Go to the police. Get out.

  CRAGGE: You’re willin’ to send blokes out, ain’t you? You’d ‘ave blokes put out. Yeah, though jobs that are prison to ‘em, or the prisons are waitin’. Alright. I’ll have it from you. I’ll ‘ave it from you, then I’ll talk to them. I’m clean, and if you’re clean you’re O.K. with ‘em. Most times. I’m straight. No fear. I’m gonna be in them papers.

  The HEAD puts on his cap and gown, and addresses the audience.

  HEAD: Be quiet, boys. Last night, as you must all have heard by now, something unprecedented happened in this school. Boys booed while I, their headmaster, was talking. This in the presence of guests.

  A murmur in the hall.

  Silence, please. (Immediately more severe.) I am not going to say who the boys are but I’m going to say what they are. They are, briefly, scum. Such boys we have no use for, and I am glad to say they are all but perhaps one of them leaving the school. (Milder again.) They have no use for us. They will be happier outside. I sincerely hope they will remain ‘outside’ and are never sent ‘inside’.

  Some who have caught the joke laugh.

  School was for them a sort of prison.

  The rest laugh, having caught on.

  Hooliganism, rowdyism, these will never be tolerated. Come here, Cragge.
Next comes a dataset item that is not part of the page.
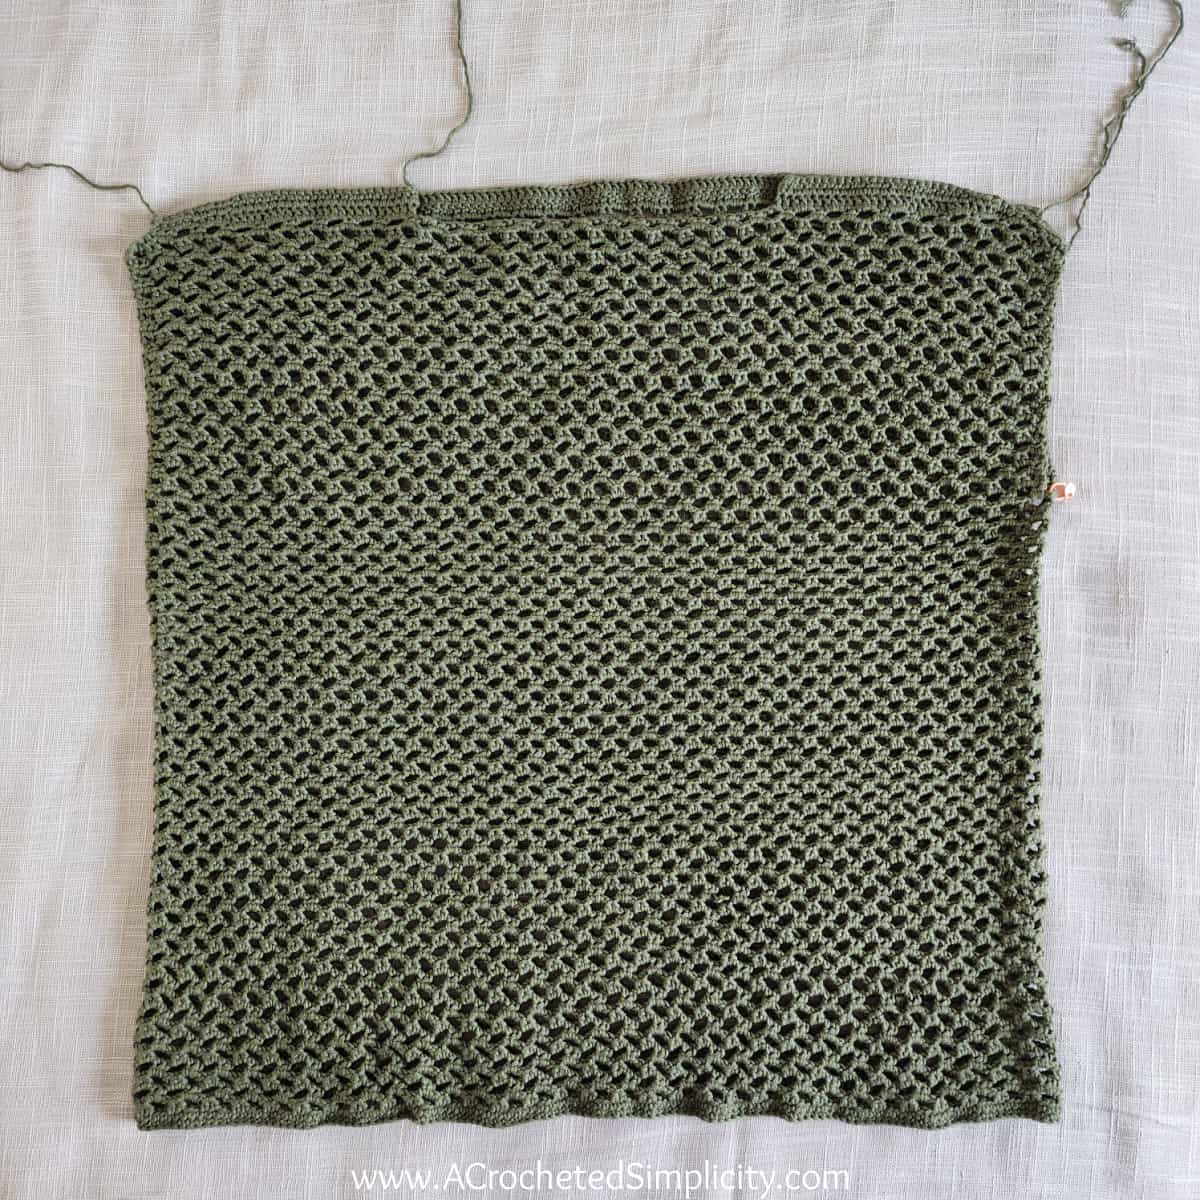 Olive green mesh crochet top laying on ecru fabric.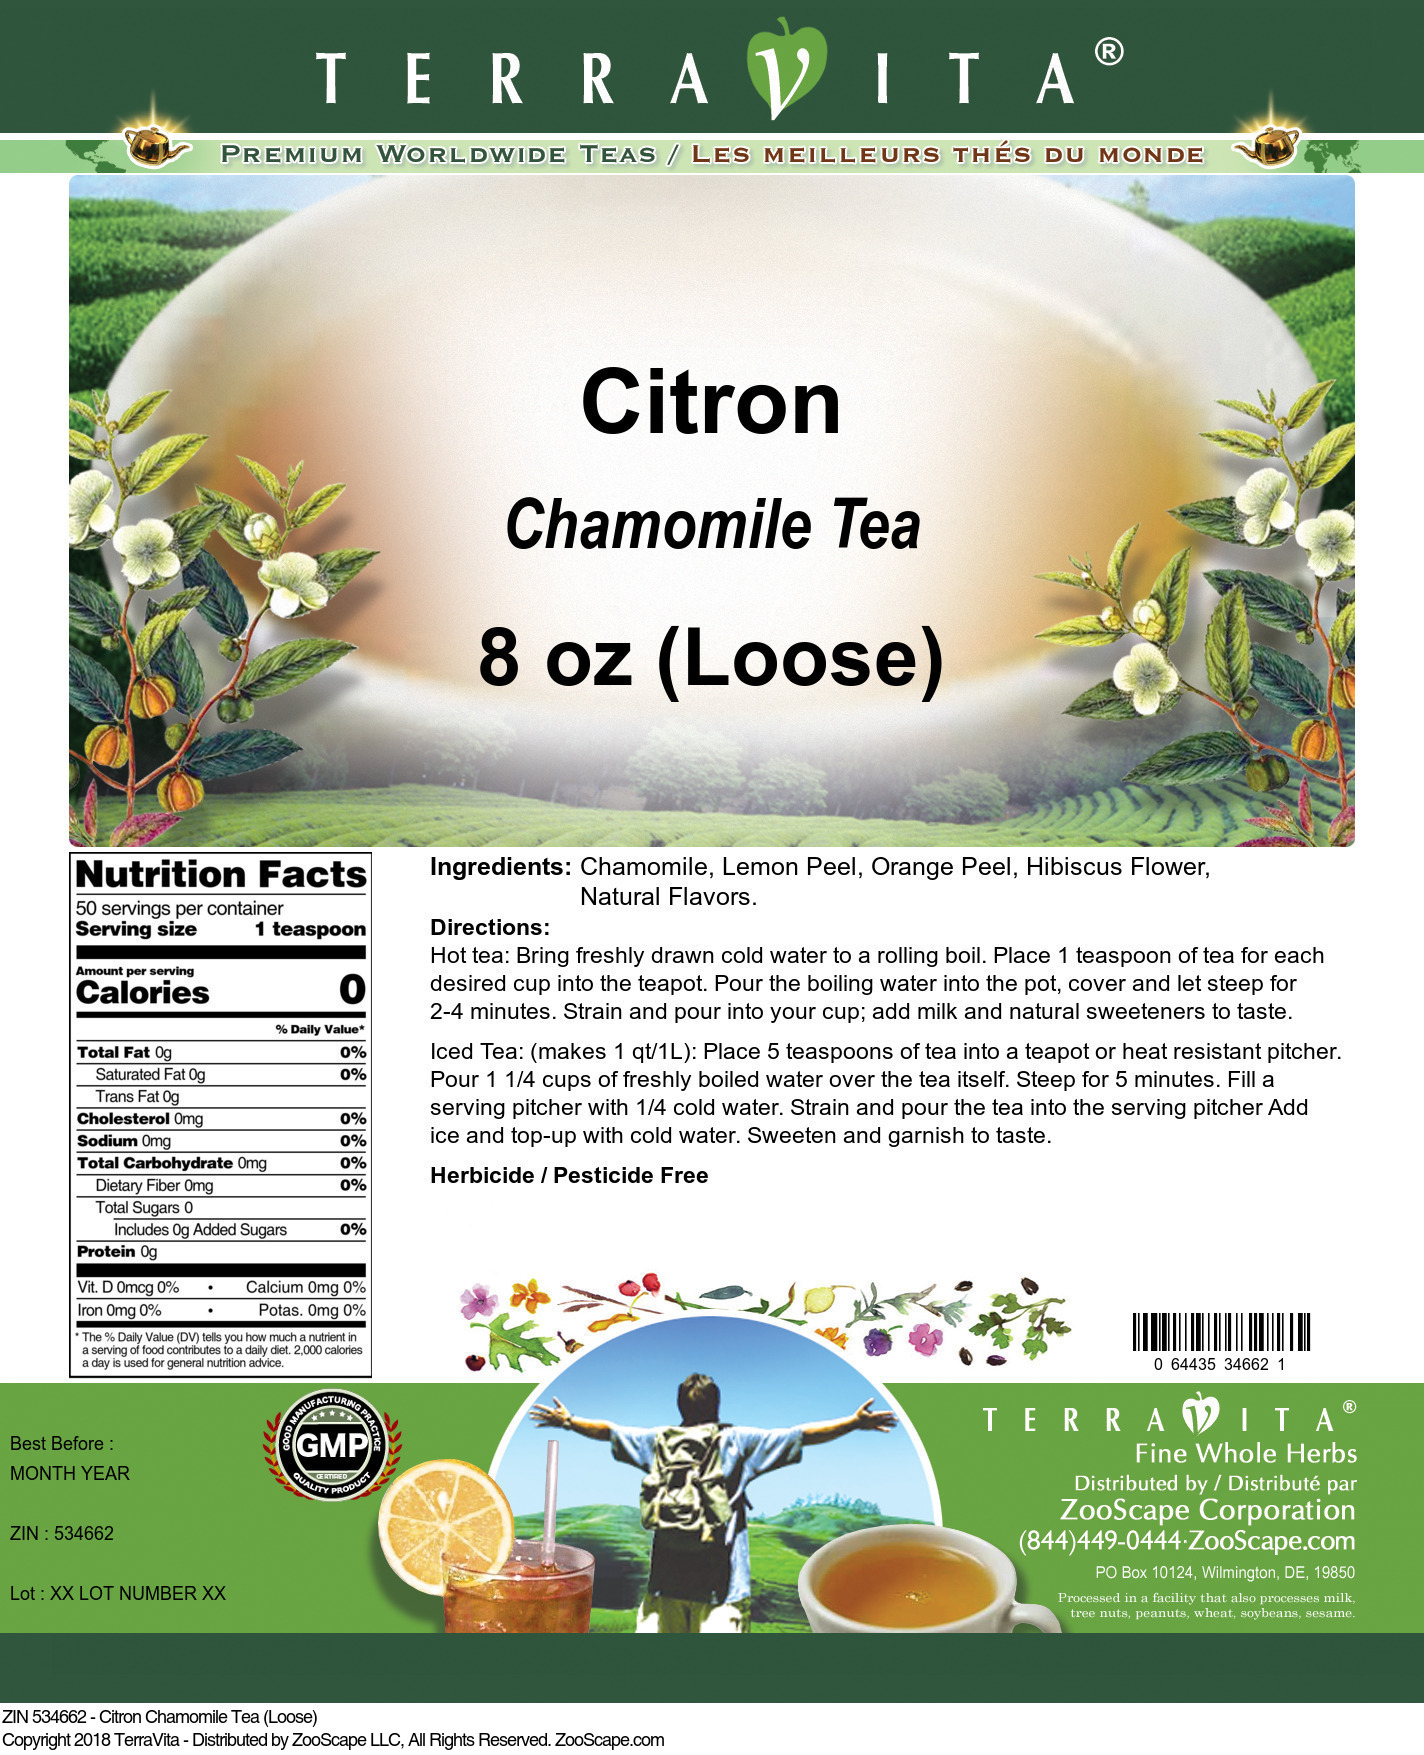 Citron Chamomile Tea (Loose) - Label

Bend over.

  As CRAGGE bends over and HEADMASTER raises his cane, the lights begin to fade. And the strokes are heard in the dark.

  The End.

  WHITE WITCH

  White Witch

  The play is loosely connected with a Jamaican legend of Annie Palmer, mistress of the Rose Hall plantation, who is said to have murdered four husbands and had many lovers. Reckord sets what he has called ‘a bloodstained comedy’ on a Jamaican plantation early in the nineteenth century.

  White and wealthy Simon Palmer, who has fathered children with slaves, marries Annie, the daughter of a duke, and brings her from England to produce for him a legal white heir. The marriage agreement is a business transaction between Palmer and the duke. The buyer works relentlessly to impregnate his purchase, but she has multiple miscarriages on the voyage to the Caribbean. By the time she lands in Jamaica there is a rumour that Annie may be a witch. As Chloe, one of Palmer’s discarded lovers, declares, ‘Babies are a blessing from heaven, a gift from above, a benediction by Almighty God, and witches never carry these little angels for long.’